Te quiero explicado en 50 palabras: te quiero por eso de que nací ya con esta sed de territorio salvaje, de terreno sin cartografiar; porque la mayor aventura comienza en tu garganta, y es que qué viaje tu voz hacia el lugar donde sólo me sale soñar con nunca llegar.


 V
 
Iba a contarte algo mejor que este cuento, pero (des)contando horas me he perdido en nosotros y no en ellos. El mundo se ha vuelto loco aquí dentro y he saltado sin paracaídas al misterio de tu mente. A quererte. A (re)contarte los mil y veinticuatro lunares de tu cuerpo.

 C
 
 
 
 
 
El arrebato de un aleteo, el pasear de las patas de cristal de una mariposa en el hombro; quizás no queda más que poder sentir el mundo para ser feliz, quizás es un sueño que mejoremos porque ya tenemos todo lo mejor en un único instante de vida que apreciar.
 V
 
Ella siempre decía que las mariposas eran hadas disfrazadas que volaban entre humanos haciéndoles recordar sus sueños.

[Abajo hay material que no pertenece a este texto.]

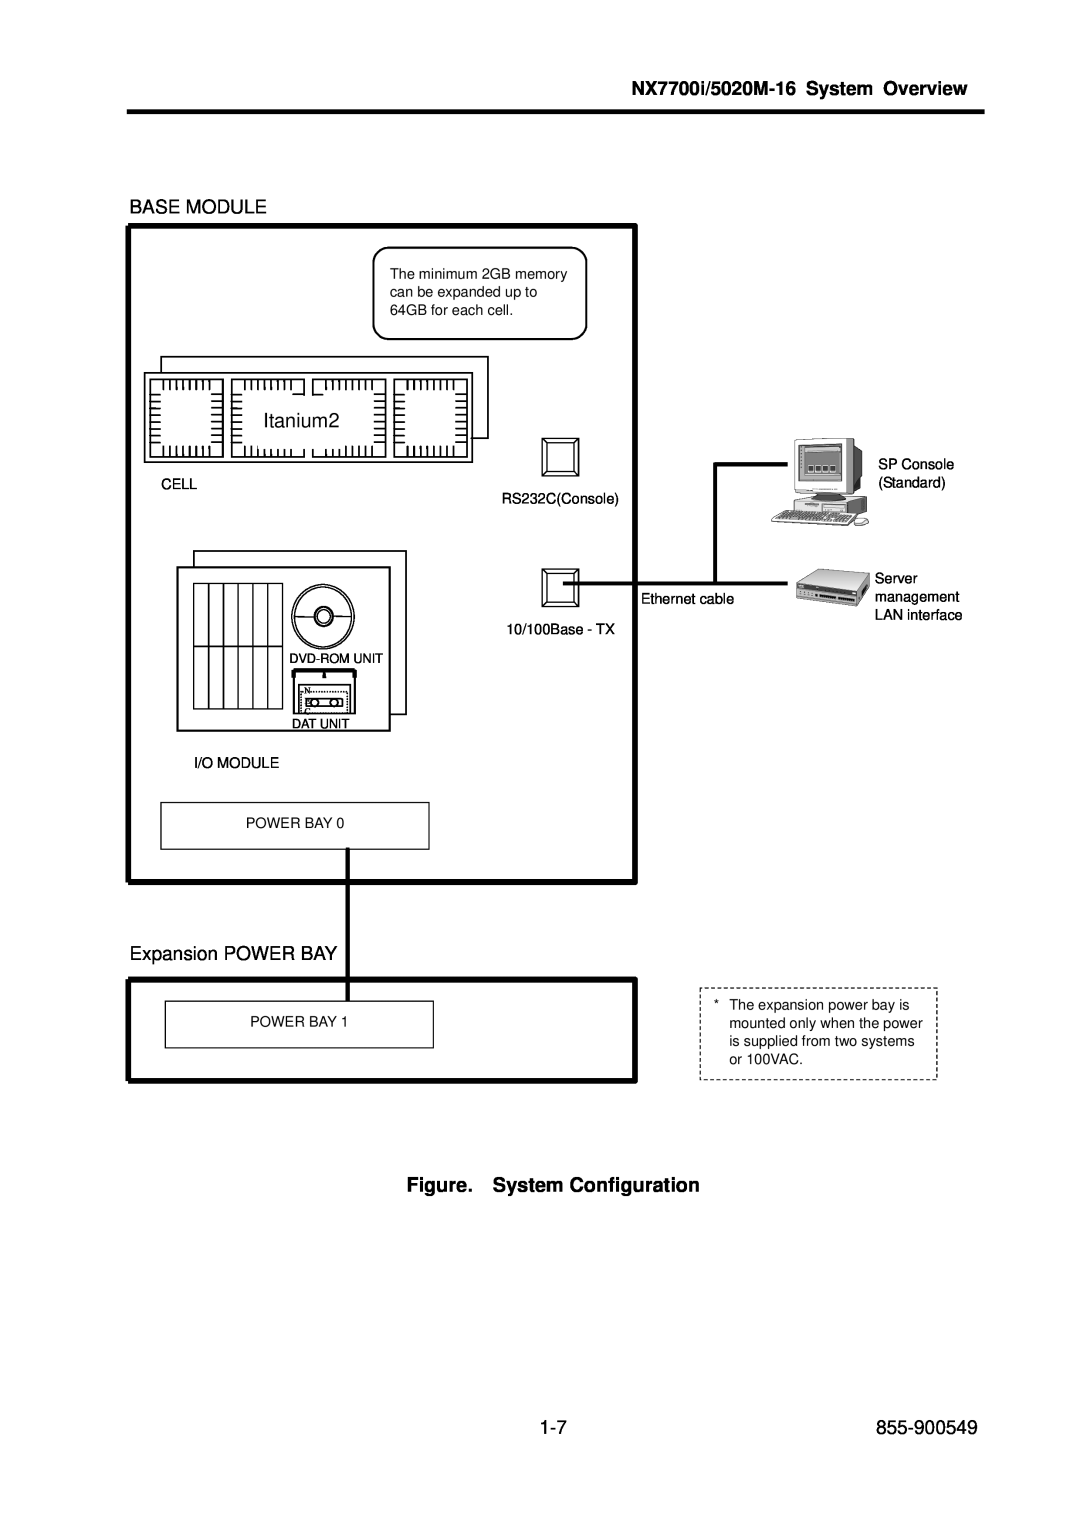 NEC operation manual Itanium2, Figure. System Configuration, NX7700i/5020M-16 System Overview

Luego dibujaba en folios magia sembrada en amapolas, se sentaba conmigo a ver Peter Pan, esparcía polvo de estrellas y me hacía prometerle, mientras regaba mis alas, que nunca tendría miedo a volar.

C
 
 

8 de febrero de 2015

keep swimming

Por qué no dejas de nadar siempre a contracorriente,  gira 180 grados y no le digas tanto que no a lo que te pide el cuerpo, sí, sí, sí, siente la carne los huesos la sangre, camina si lo que quieres es echar a caminar y quédate parado cuando ya no puedas más de marearte la cabeza con idas y venidas que no llevan a ningún lugar; en un sótano a la luz de la bombilla no se siente la caricia del sol, de una boca cerrada no escapan verdades, metiendo la cabeza entre las cuatro esquinas de una pantalla de móvil  no se llega a la fotografía de esa playa artificial; no dejes de trabajar- tampoco es esto un juego dibujado con tiza en el parque, sin consecuencia ni perdón- esto es la suma de todo lo que hiciste haces y harás condensado en un pestañeo, esto es la guerra, la paz, el amor y el continuar, así que no pierdas tanto el tiempo en quejas sobre ese asunto que se escapa de tus manos, concéntrate mejor en esos que entrelazan sus dedos entre los tuyos y te hacen soñar que esto quizás no es un sueño; no luches contra la sociedad, no te margines ni desprecies a la multitud, mejórala, apréciala, escucha las historias de más voces que tu quejido solitario; la libertad no es un bosque y un taparrabos, es saber respirar entre cuerdas y cadenas sin perder la calma de la felicidad, sentir una fe tan ciega que ni el más triste domingo te pueda doblegar a la desesperanza; así que mejor aprender a combinar lo bueno con lo malo, romper el cristal y salir de este agujero que se llama autocompasión, complacencia y cobardía.

V.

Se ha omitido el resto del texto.